POLLER ---> NOC = check results
NOC <--> POLLER = Host & Service commands
NOC ---> POLLER = config (rsync? scp?)
NOC <--> NOC = everything (loadbalanced)

* All configuration is done from (one of) the NOCs
* local commands can be issued from both NOC and POLLER systems.

Definition of local commands

Host
 Disable & Enable Active Checks of this host
 Re-schedule the next check of this host
 Submit passive check result for this host
 Start & Stop accepting passive checks for this host
 Start & Stop obsessing over this host
 Acknowledge This Host Problem
 Remove Problem Acknowledgement
 Enable & Disable notifications for this host
 Delay Next Host Notification
 Schedule & Cancel downtime for this host
 Enable & Disable notifications for all services on this host
 Schedule a check of all services on this host
 Enable & Disable checks of all services on this host
 Enable & Disable event handler for this host
 Enable & Disable flap detection for this host

Service
 Enable & Disable Active Checks Of This Service
 Re-schedule Next Service Check
 Submit Passive Check Result For This Service
 Start & Stop Accepting Passive Checks For This Service
 Start & Stop Obsessing Over This Service
 Acknowledge This Service Problem
 Remove Problem Acknowledgement
 Enable & Disable Notifications For This Service
 Delay Next Service Notification
 Schedule Downtime For This Service
 Cancel Scheduled Downtime For This Service
 Enable & Disable Event Handler For This Service
 Enable & Disable Flap Detection For This Service


Technicalia
-----------
* Node-to-node communication setup:
  Upon startup, all nodes set up a listening socket and poll it
  (using select()) for inbound connections. Each new connection
  resets the timer.

  When the time is up, the noc hosts fires up a connect() attempt
  to each of the still unconnected pollers, using non-blocking
  sockets and polling for writability. The pollers check the
  listening socket for inbound connections from the nocs (how to
  solve peers?) and then initiate connections to the nocs themselves,
  again using non-blocking sockets, and writes their unsent events to
  binary logfiles, one for each noc (and peer?).

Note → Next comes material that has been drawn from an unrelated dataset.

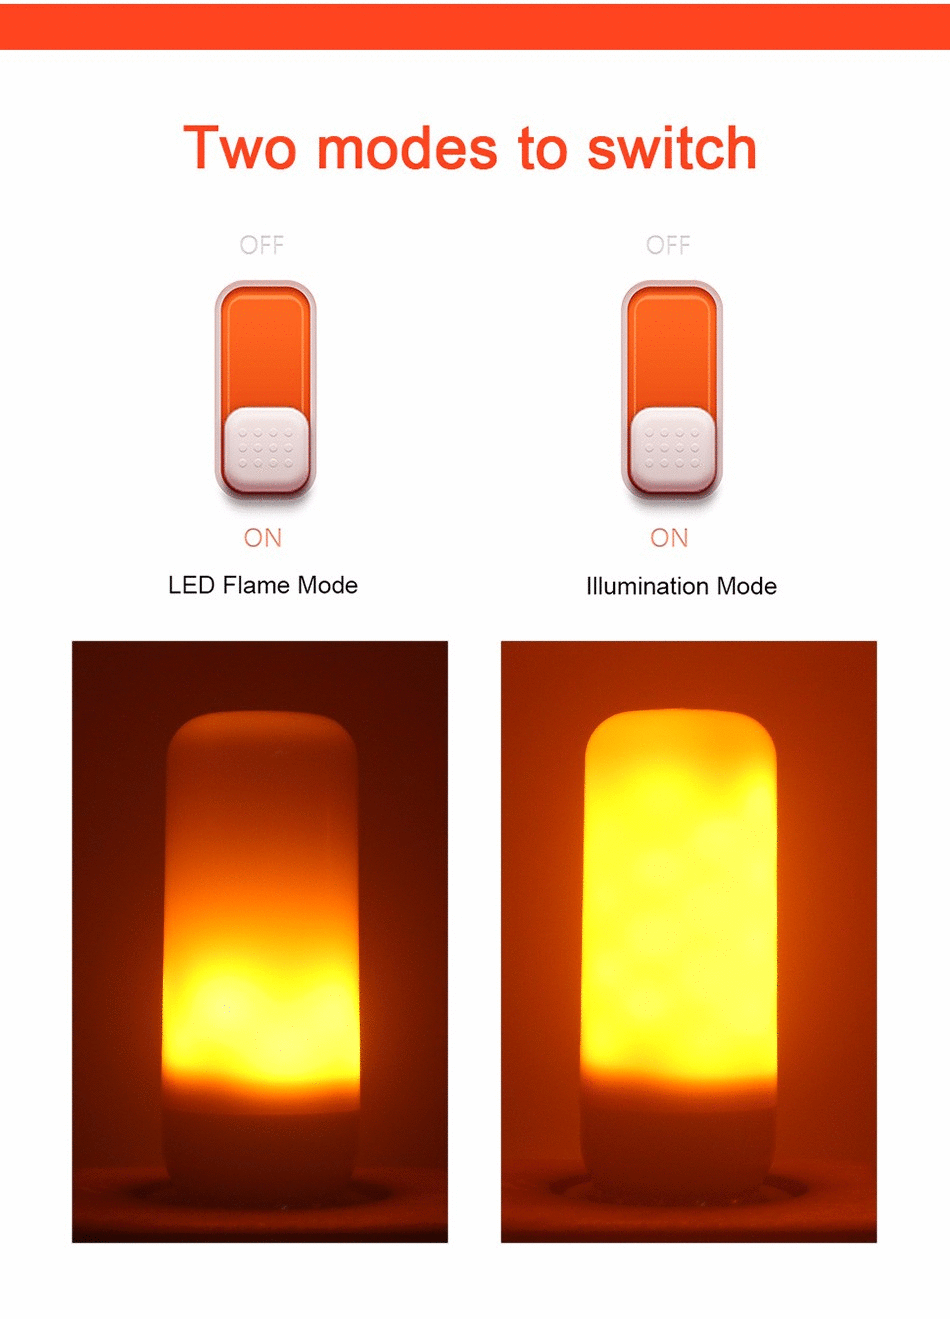 LED Vlammende Vuurlamp

  nocs and pollers alike both continuously check for inbound connections.

  When two hosts simultaneously connect to each other, a pulse shall
  be sent and read immediately. The node that first sent the pulse, as
  determined by gettimeofday(), shall maintain its connect()'ed socket.

* Daemon-Module communication:
  The daemon is responsible for creating the socket. When no socket is
  present the module shall utilize a binary logging interface and at
  each new event check for the presence of the socket. When the socket
  appears (is created by the daemon), the module shall connect to that
  socket and write() its data there instead. The daemon will take
  responsibility for sending and deleting the binary backlog.

  When the daemon is started but receives no pulse within twice the
  configured pulse_interval it shall assume that the Nagios process
  has died or is otherwise incapable of connect()ing to the socket
  and take appropriate actions.